The C/D motifs that have been characterized to date form an RNA structure known as a Kink-turn (K-turn) (9,22). The K-turn, found in all three domains of life, was initially characterized in the 5′ stem of U4 snRNA and in 23S ribosomal RNA (23–25). Defined by two helical stems, the canonical stem (C-stem) and the non-canonical stem (NC-stem) are separated by a 3 nt internal loop, which imposes a sharp bend (kink) between the two stems. The C-stem contains a variable number of Watson–Crick (WC) base pairs with no apparent conservation of sequence.
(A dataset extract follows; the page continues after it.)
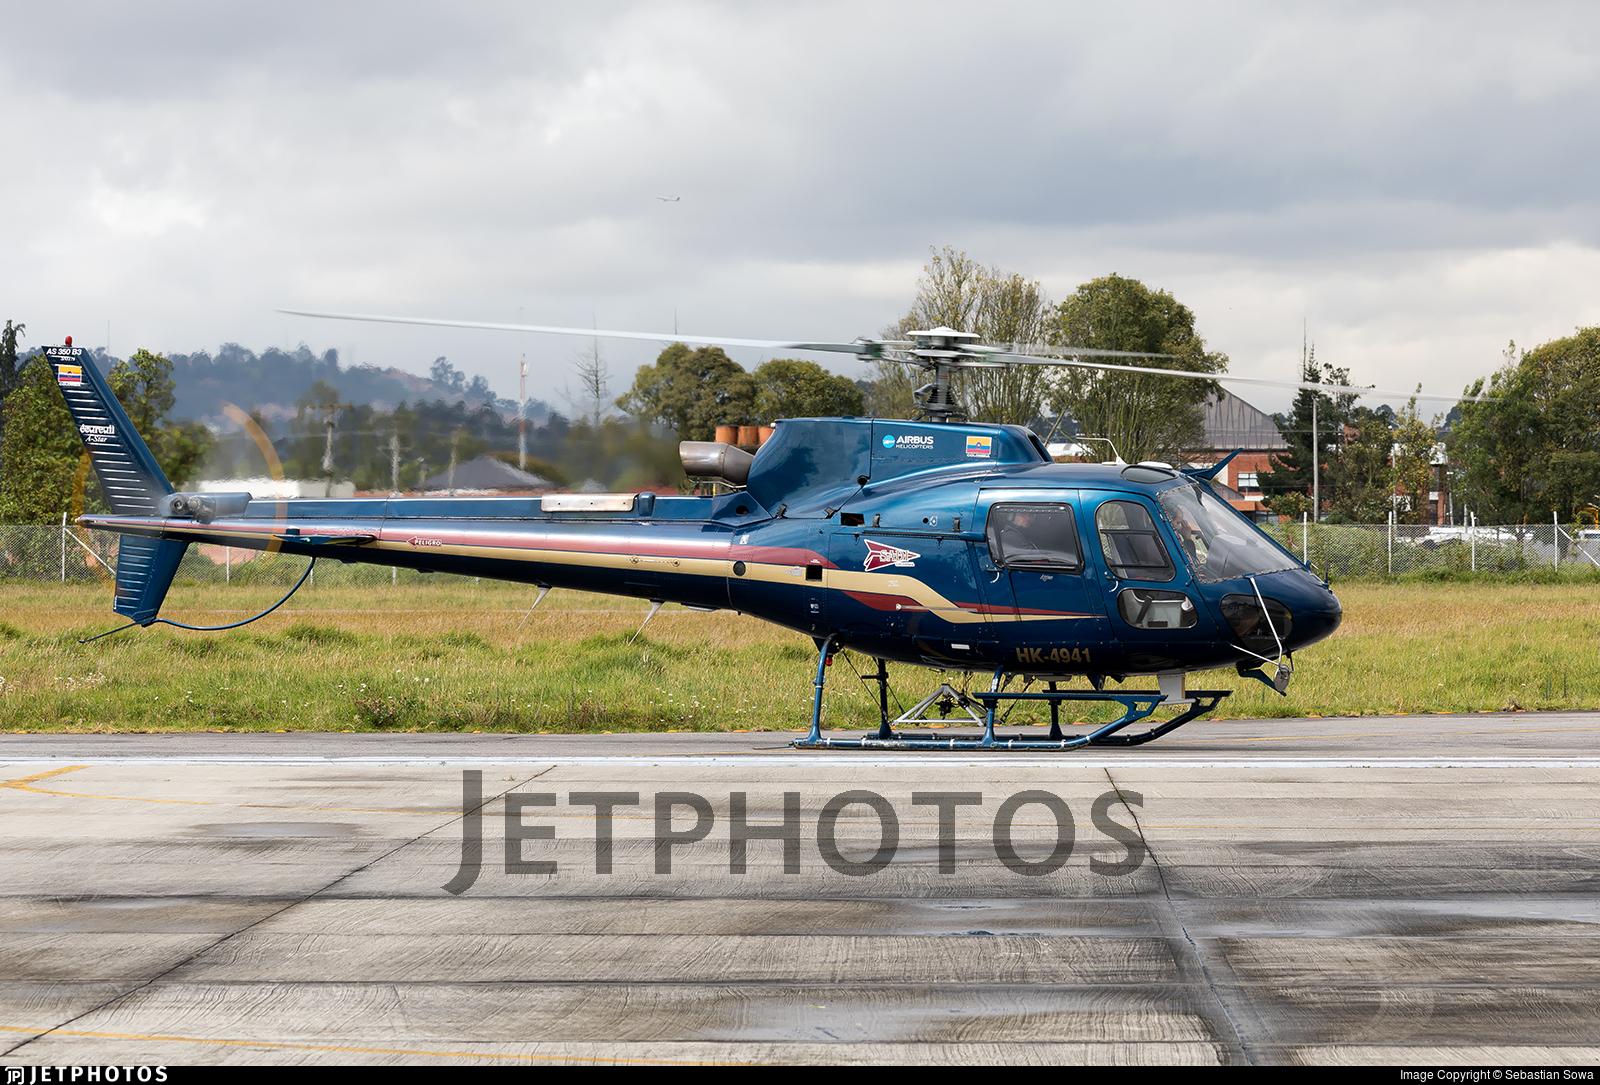 HK-4941 - Eurocopter AS 350 Ecureuil - SADI Colombia (Servicios Aereos de Ibague)

For the C/D guide RNAs, the internal loop is asymmetric with a highly conserved flipped-out U and the NC-stem usually contains two tandem sheared GA base pairs, adjacent to the flipped-out U, followed by a third non-WC base pair. The K-turn is stabilized by a network of contacts between bases and sugars in NC-stem and internal loop, and interactions between the C-stem and the NC-stem (22,24,26). The binding of L7Ae to the K-turn formed by the C/D motif is believed to be the initial step in the assembly of the C/D RNP since the other proteins do not bind to the guide RNA in their absence (14,27). Mutation of the non-WC sheared GA base pairs disrupts the interaction with the eukaryal Snu13p in vitro and affects guide RNA activity in vivo (13). Recent crystallographic studies have elucidated the structure of the K-turn in a C/D guide RNA bound to L7Ae from Archeoglobulus fulgidus and have confirmed previously proposed secondary structure of the box C/D RNA (28).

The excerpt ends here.